Sebenarnya ia pun merindukan kedua orang tuanya meskipun minggu lalu sudah bertemu, tapi ia tak ingin membuat keluarganya heboh dengan kedatangannya yang tiba-tiba, apalagi jika harus diantar seorang laki-laki.
“Oh gitu, yaudah gapapa nyantai aja, kirain mau.” oceh Ferdi masih dengan senyum nya
”Yaudah kamu buruan istirahat gih, cewek gak boleh banyak begadang.” lanjut Ferdi mencoba tenang.
“Iya, makasih ya udah nawarin tumpangan, next time maybe.”
“Nyantai aja. Sudah saba buruan tidur sana aku tutup ya.. Assalamualaikum.”
“Wa’alaikumsalam.” Maisha langsung mematikan ponselnya.
Benaknya masih menerawang kemana-mana, mencoba menerka maksud Ferdian yang sepertinya mendekatinya. Sudah dua tahun lebih Maisha menjadi orang tua tunggal dan dia sudah hafal betul bagaimana gelagat pria yang mencoba mengambil hatinya.
Bahkan beberapa kali ia menjaga jarak dengan sejumlah pria yang mencoba mendekatinya, bahkan orang tuanya berkali-kali mencoba menjodohkannya dengan pria kenalan mereka.
Ditempat lain, Ferdian pun masih bimbang dengan hatinya, ia bahkan menatap lama layar ponselnya yang menampilkan foto profil Maisha dari salah satu akun sosial medianya. Sudah lama ia menutup hati sejak kepergian mendiang Imelda.

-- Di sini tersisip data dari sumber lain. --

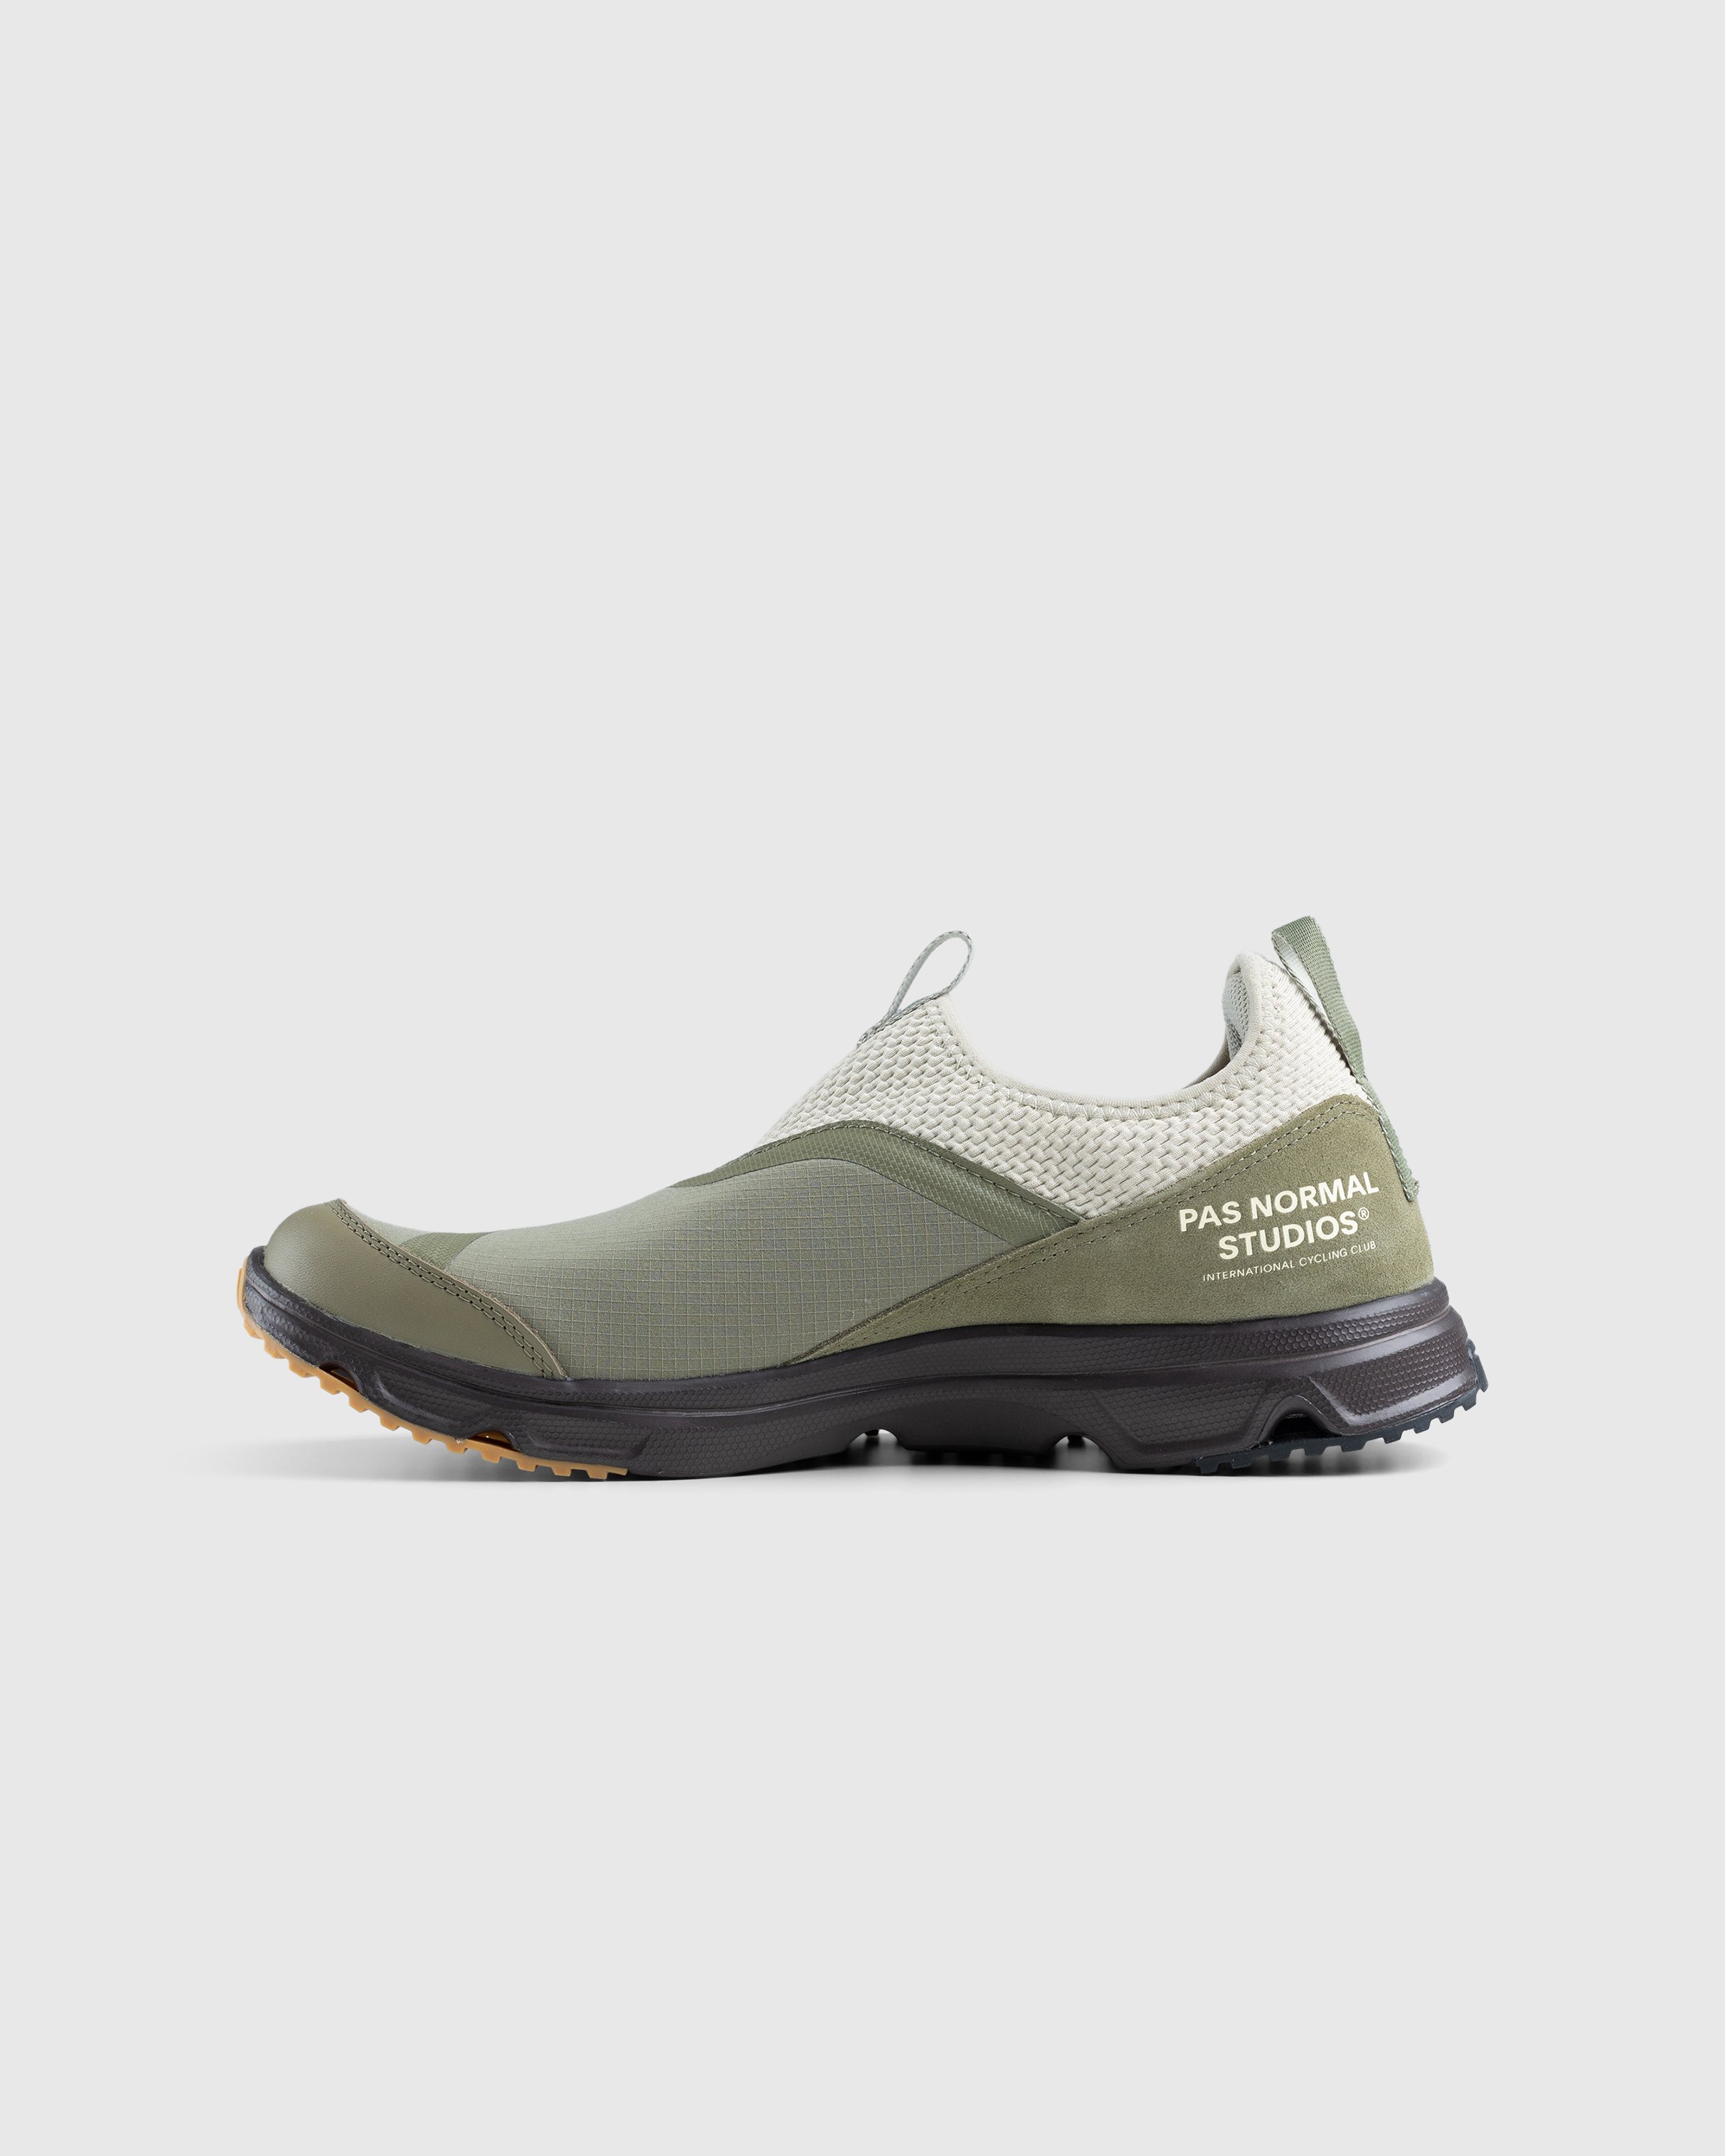 Salomon x PAS NORMAL STUDIOS - RX Snug Moss Grey/Deep Lichen Green/Black Coffee - Footwear - Green - Image 2

Tapi dua hari yang lalu ia merasakan getaran yang berbeda sejak bertemu lagi dengan Maisha, cinta dimasa remajanya. Begitu tau Maisha sudah berpisah dengan pasangannya, ia makin gusar tak karuan, ada rasa sesak sekaligus rasa ingin melindungi pada wanita manis itu.